Love and legacy in Paris
By Theresa Soares

Debbie and Darrell Poynter gather with members of the community for the groundbreaking of the new court sports facility at Bourbon County Park, which will include basketball, tennis and pickleball courts.

When Debbie Poynter was diagnosed with breast cancer in 2002, her husband, Darrell, chose to retire early from a successful career in construction to be by her side through her treatments. Her motto then was "faith, friends and family," and she persevered through treatments with the support of her community.

When they found out she was going to live, the Poynters realized they needed to get back to work.
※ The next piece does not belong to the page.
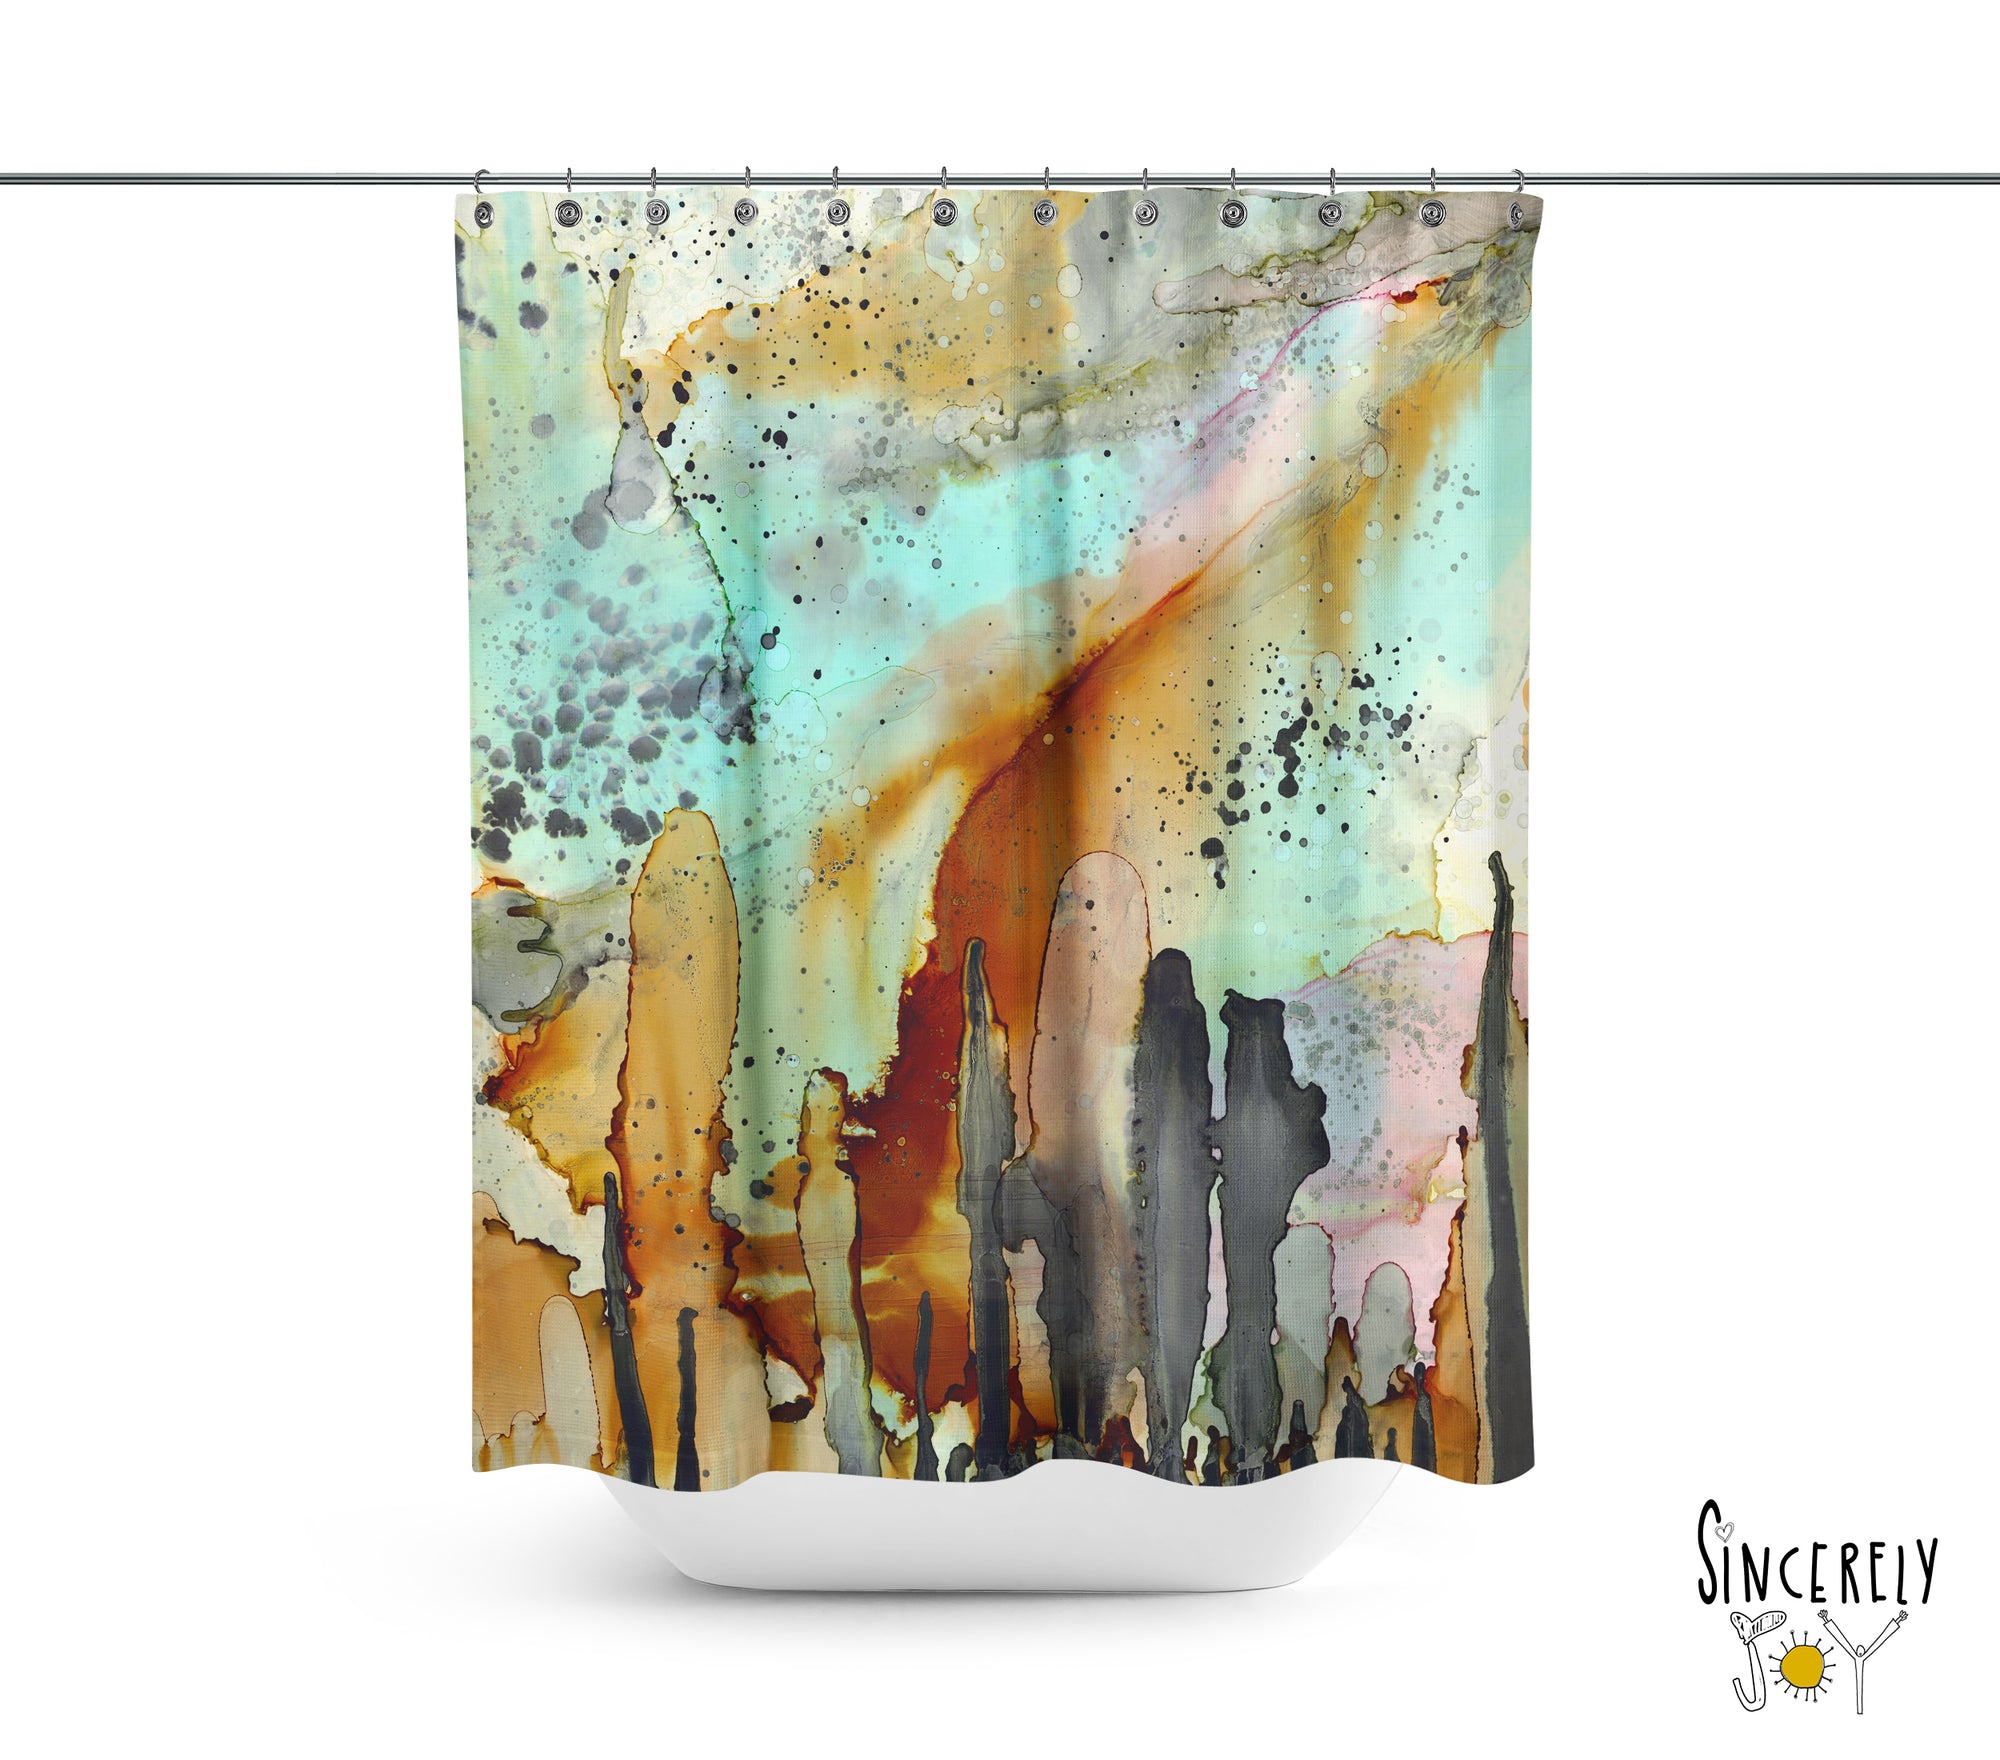 Abstract Mixed Media Shower Curtain 'From the Heavens'

They decided to follow their passion for old buildings by buying and restoring some of their hometown's dilapidated icons.

As a youngster in Paris in the early 1960s, Darrell remembers riding in his father's orange 1951 pickup truck and seeing an old opera house being torn down. Watching the history and character of the buildings being erased made him sad – and he never forgot it.

Darrell brings his construction expertise to the enterprise, while Debbie focuses on interior design. "We love preserving the buildings," Debbie says. "Darrell loves tearing up and making the messes, and I love visualizing how everything is going to look and picking out the finishes."
To date, they have renovated several buildings in Paris, including the old train depot, which now houses Trackside Restaurant; the Robneel Building, which has mixed-use retail space at street level and apartments on the second and third floors; the Hopewell Bake Exchange building; the Baldwin Hotel building; and, most recently, the circa 1891 Varden's Pharmacy building – their fourth project on Main Street.

"All of us have benefited from the renovations and projects that they have worked on here in the county, and we're grateful," says Sharon Fields, a pastor and retired educator. "Darrell seems to be a genius when it comes to renovating and building, and making things bright and beautiful. Debbie is his sidekick, and they work hand-in-hand with their son, Chris. They're a real asset to the community."

Their careful restoration efforts have garnered several awards from Kentucky historic preservation groups.

"They're go-getters," Mayor Johnny Plummer says. "Everything they touch is nice – it really is."
Darrell and Debbie, both 72, enjoy travel, but they always love coming home. They miss the small-town feeling they have found unique to Paris, having raised their sons, Chris and Brian, there.

"They're terrific people, and they care so much about Paris and Bourbon County," says Rita Williams, a friend.

Darrell and Debbie were high school sweethearts. After they married, he built a business as a painting contractor and followed opportunity to Atlanta. They were there for about five years. After spending one Christmas in Paris, the boys didn't want to leave. "We knew we didn't want to live anywhere else," Debbie says of Paris.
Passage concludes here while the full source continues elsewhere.